═════ GIVEN DATA ═════

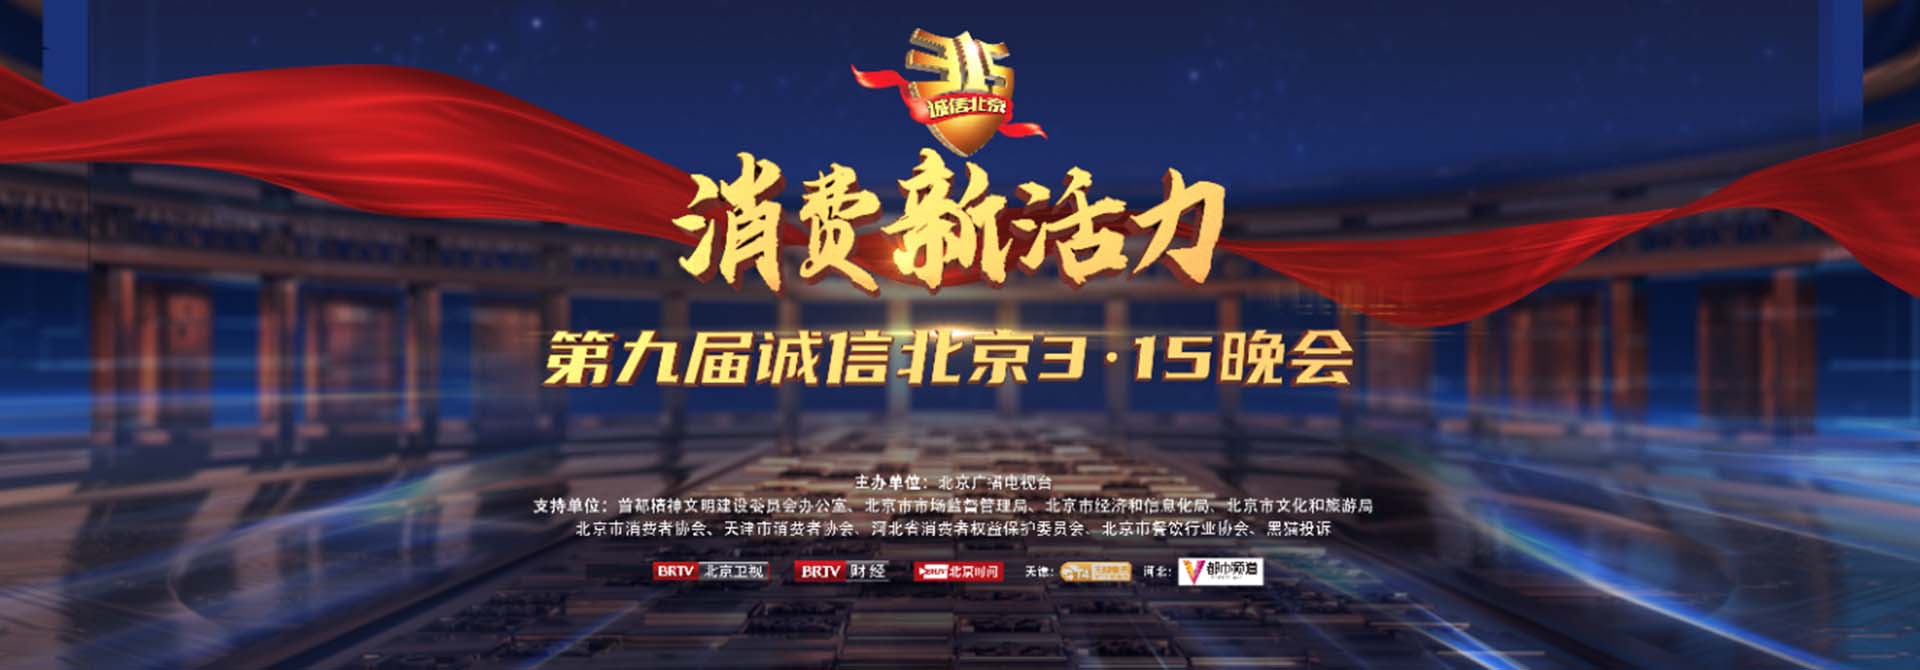 第九届诚信北京3·15国际消费者权益日晚会
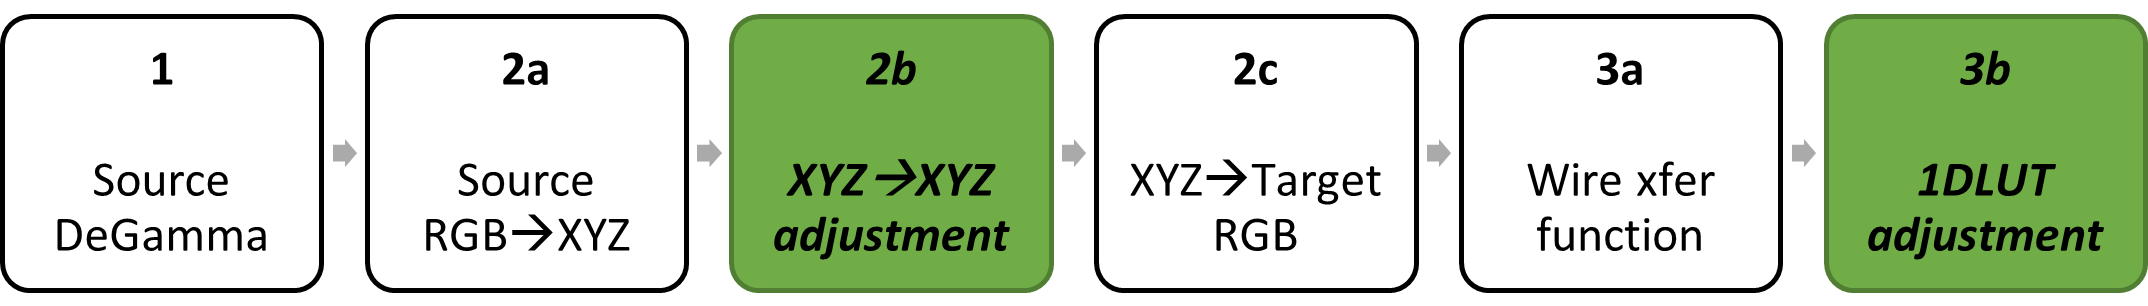 框图：源 degamma;颜色矩阵分解为源 RGB 到 XYZ，XYZ 到 XYZ，XYZ 分解为目标 RGB;目标 regamma 分解为电汇函数，1DLUT 调整
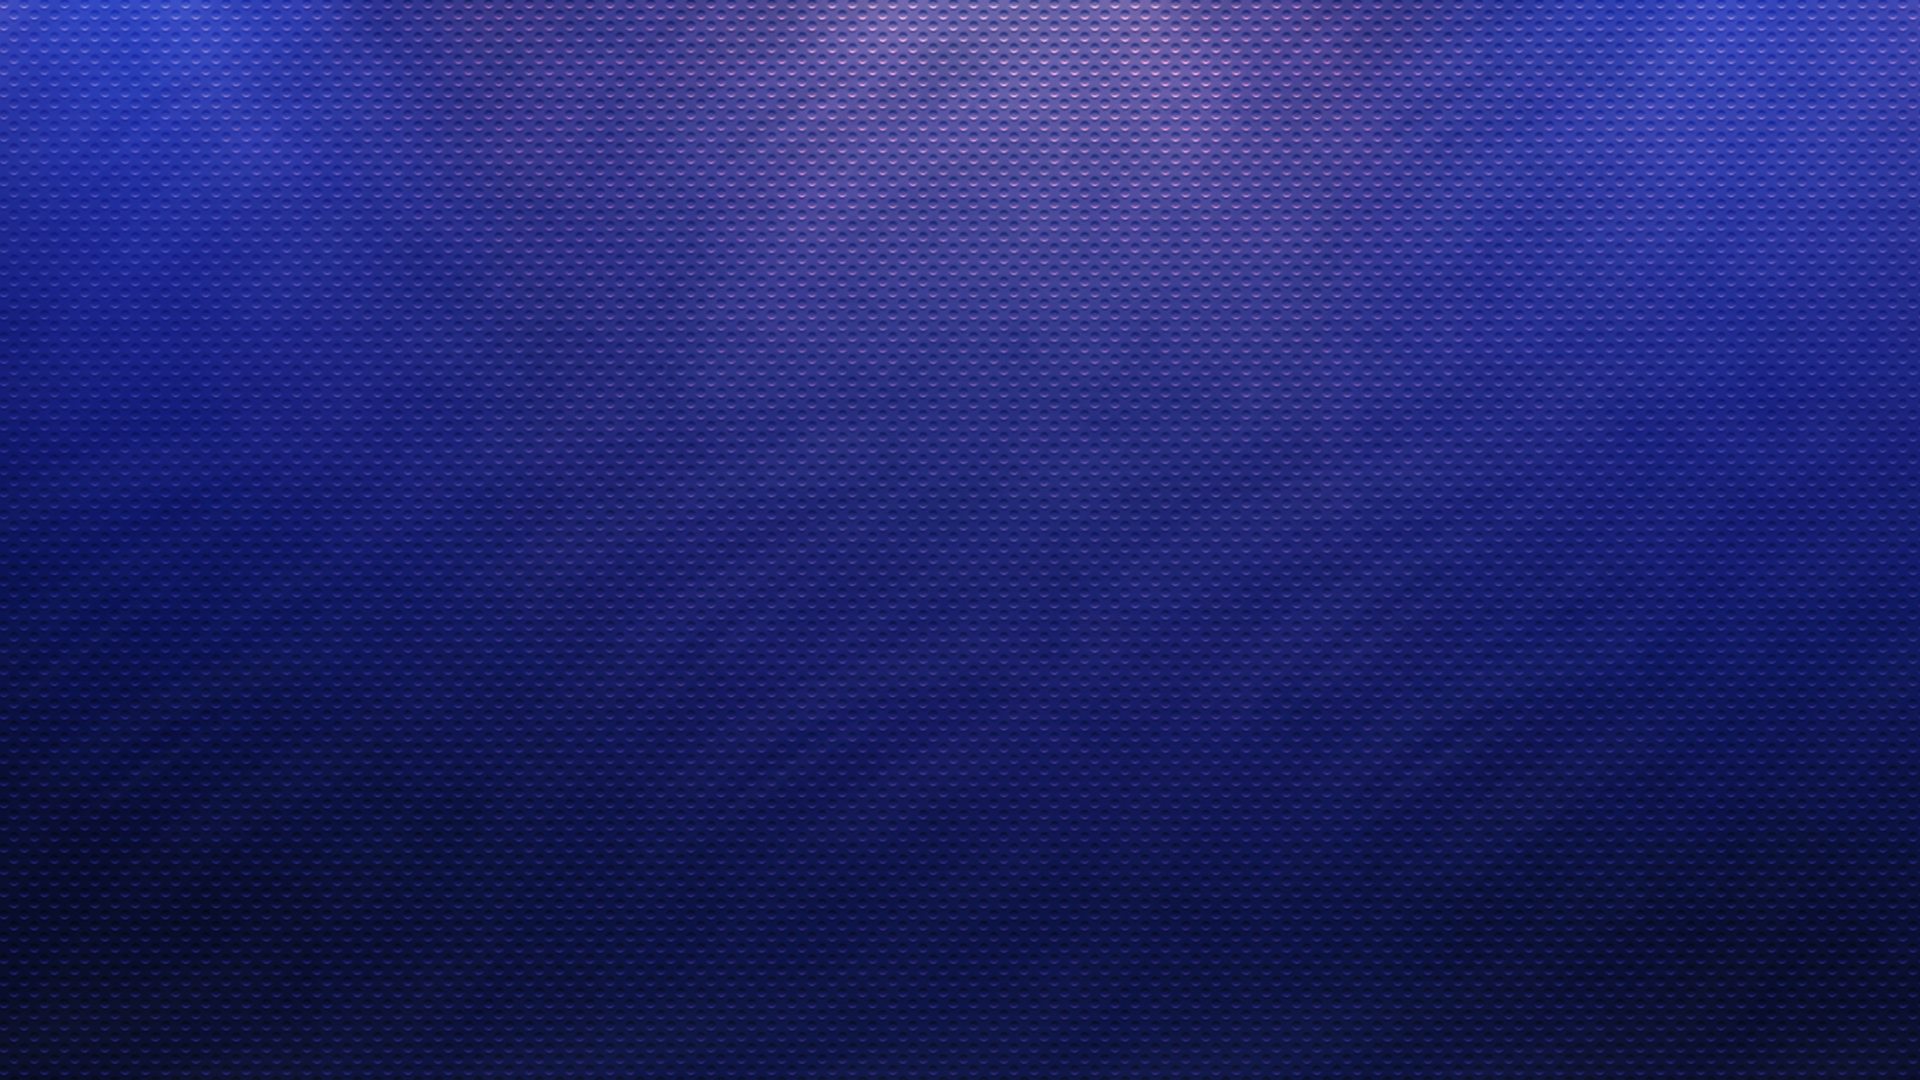 Violet Pattern Blue Lights 1920x1080

═════

**TASK TO COMPLETE**
Give the listing again in full, exactly as it is, but without its images.

**EXERCISE RESPONSE**
 第九届诚信北京3·15国际消费者权益日晚会
 框图：源 degamma;颜色矩阵分解为源 RGB 到 XYZ，XYZ 到 XYZ，XYZ 分解为目标 RGB;目标 regamma 分解为电汇函数，1DLUT 调整
 Violet Pattern Blue Lights 1920x1080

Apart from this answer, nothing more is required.